▸ **About this task**: Repeat the span of the entries below that starts at the line with "老鼠头像 微信 可爱图片" and ends at the line with "Eine PURION IBC", nothing more. Skip the pictures.

▸ **Records provided**:
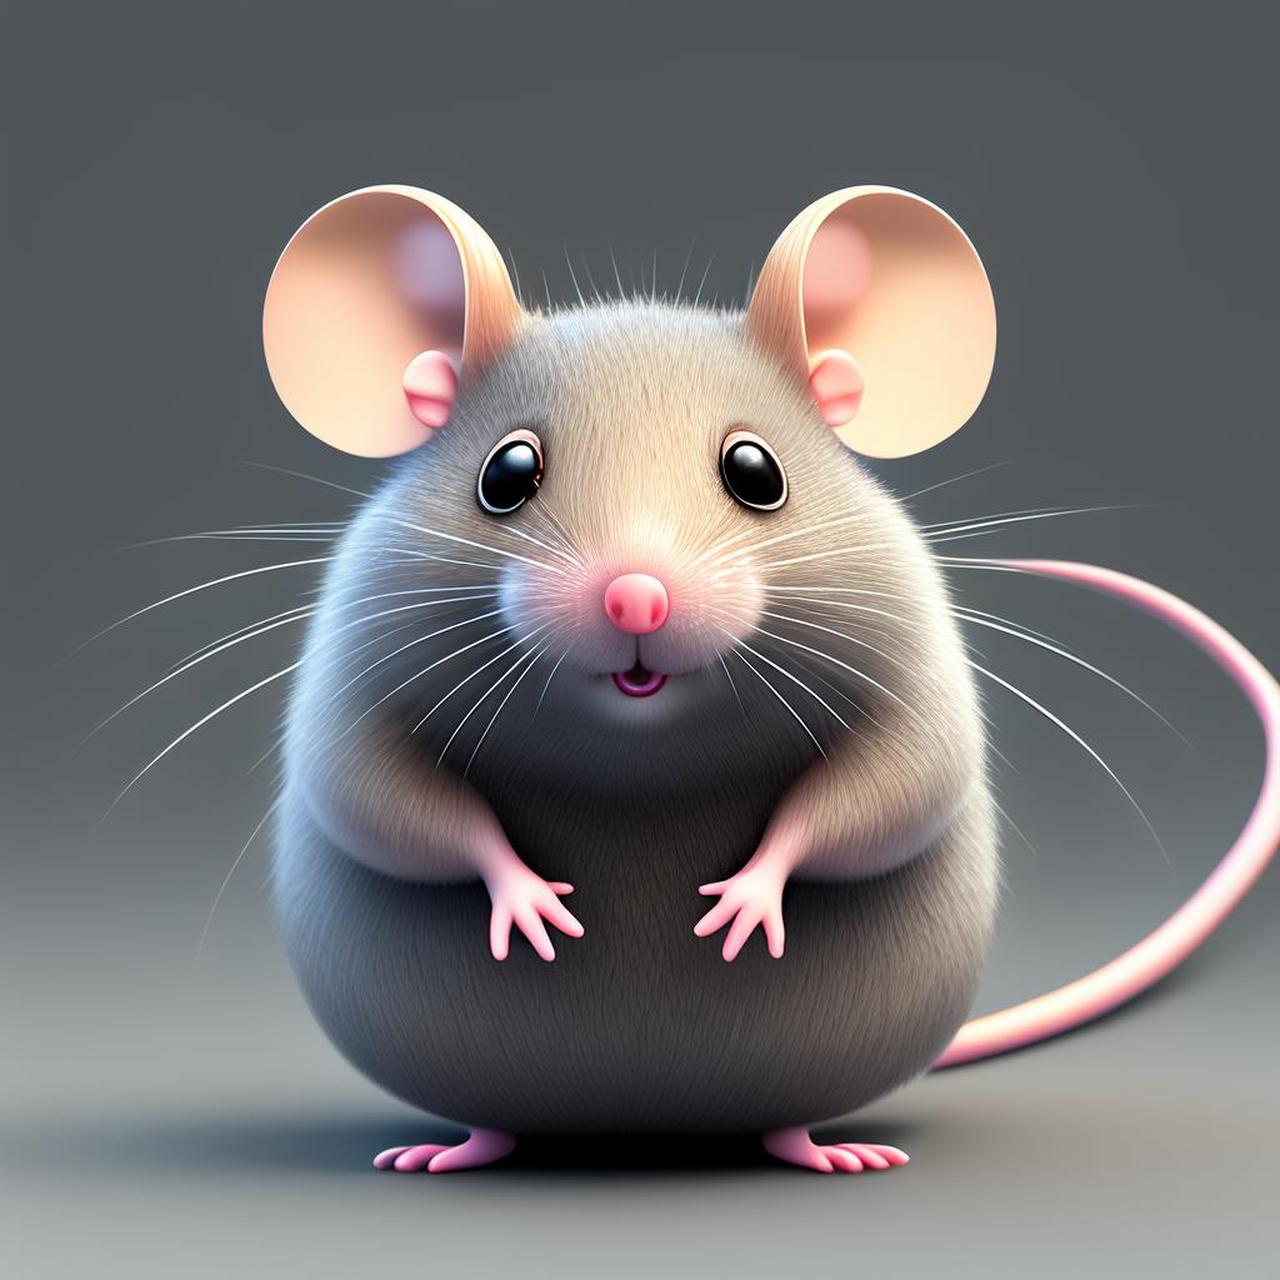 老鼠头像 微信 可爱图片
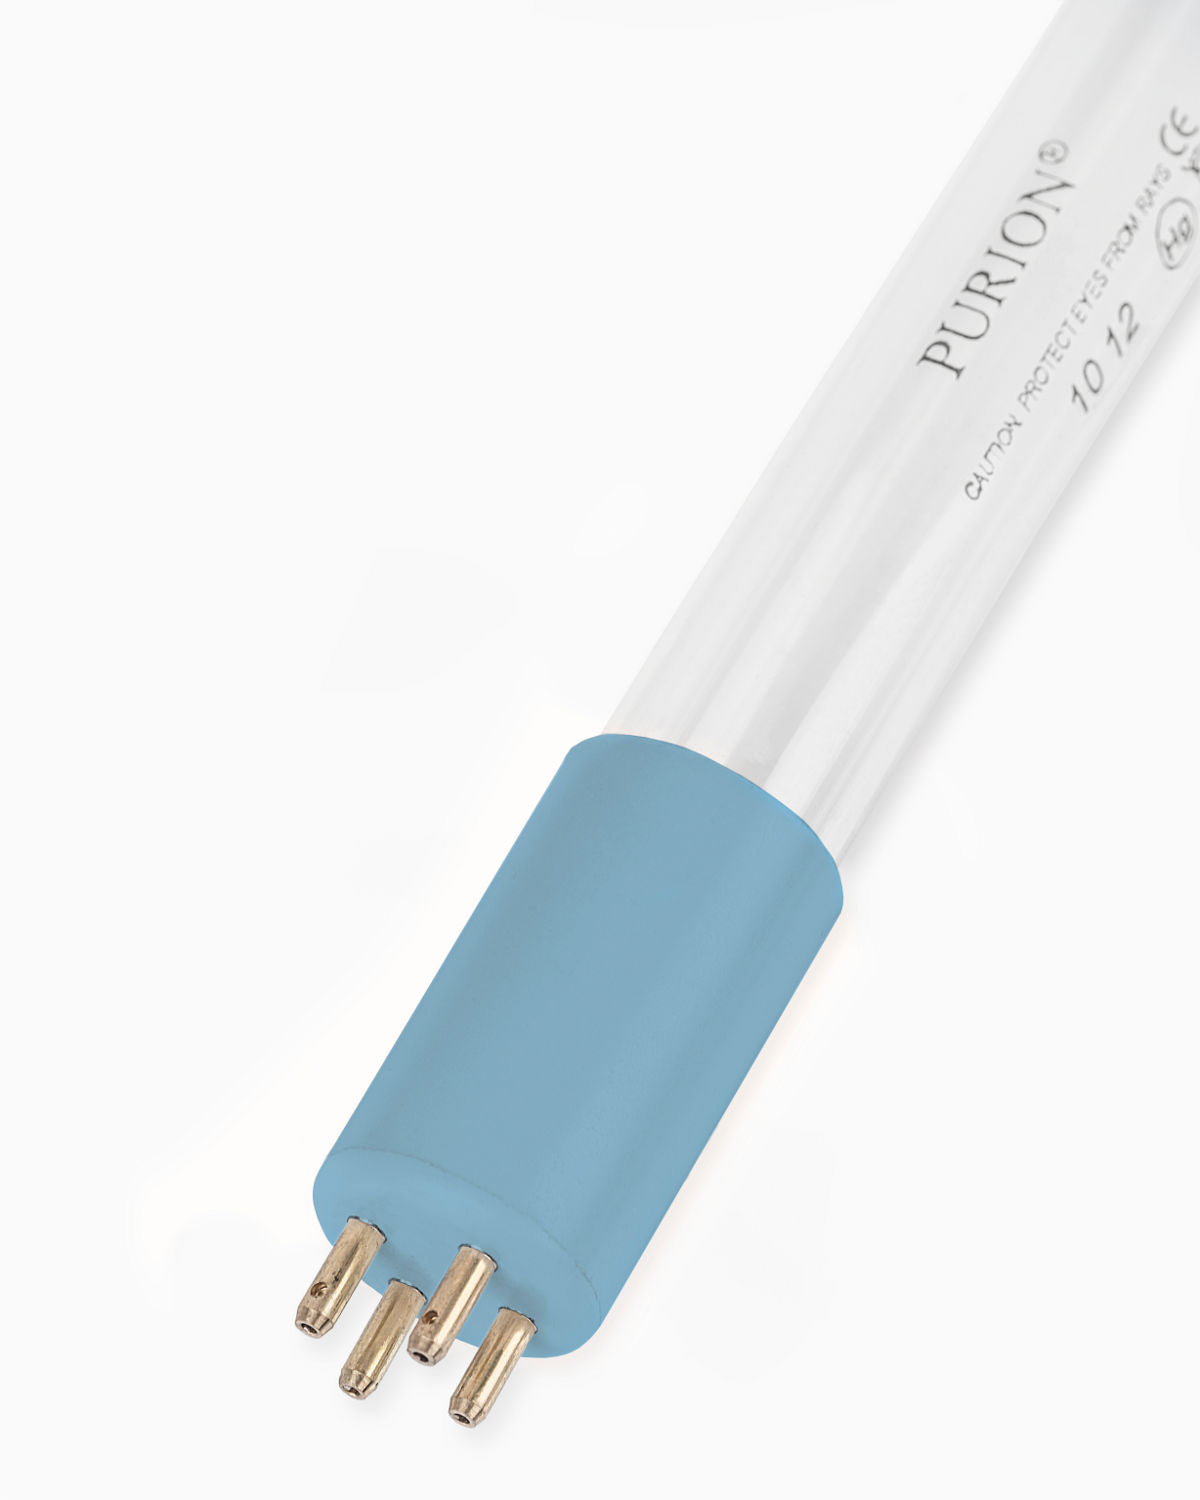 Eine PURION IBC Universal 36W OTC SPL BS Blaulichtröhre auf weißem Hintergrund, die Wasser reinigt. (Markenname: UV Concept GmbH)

* * *

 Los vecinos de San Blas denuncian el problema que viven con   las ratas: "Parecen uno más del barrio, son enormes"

▸ **Written answer**:
 老鼠头像 微信 可爱图片
 Eine PURION IBC Universal 36W OTC SPL BS Blaulichtröhre auf weißem Hintergrund, die Wasser reinigt. (Markenname: UV Concept GmbH)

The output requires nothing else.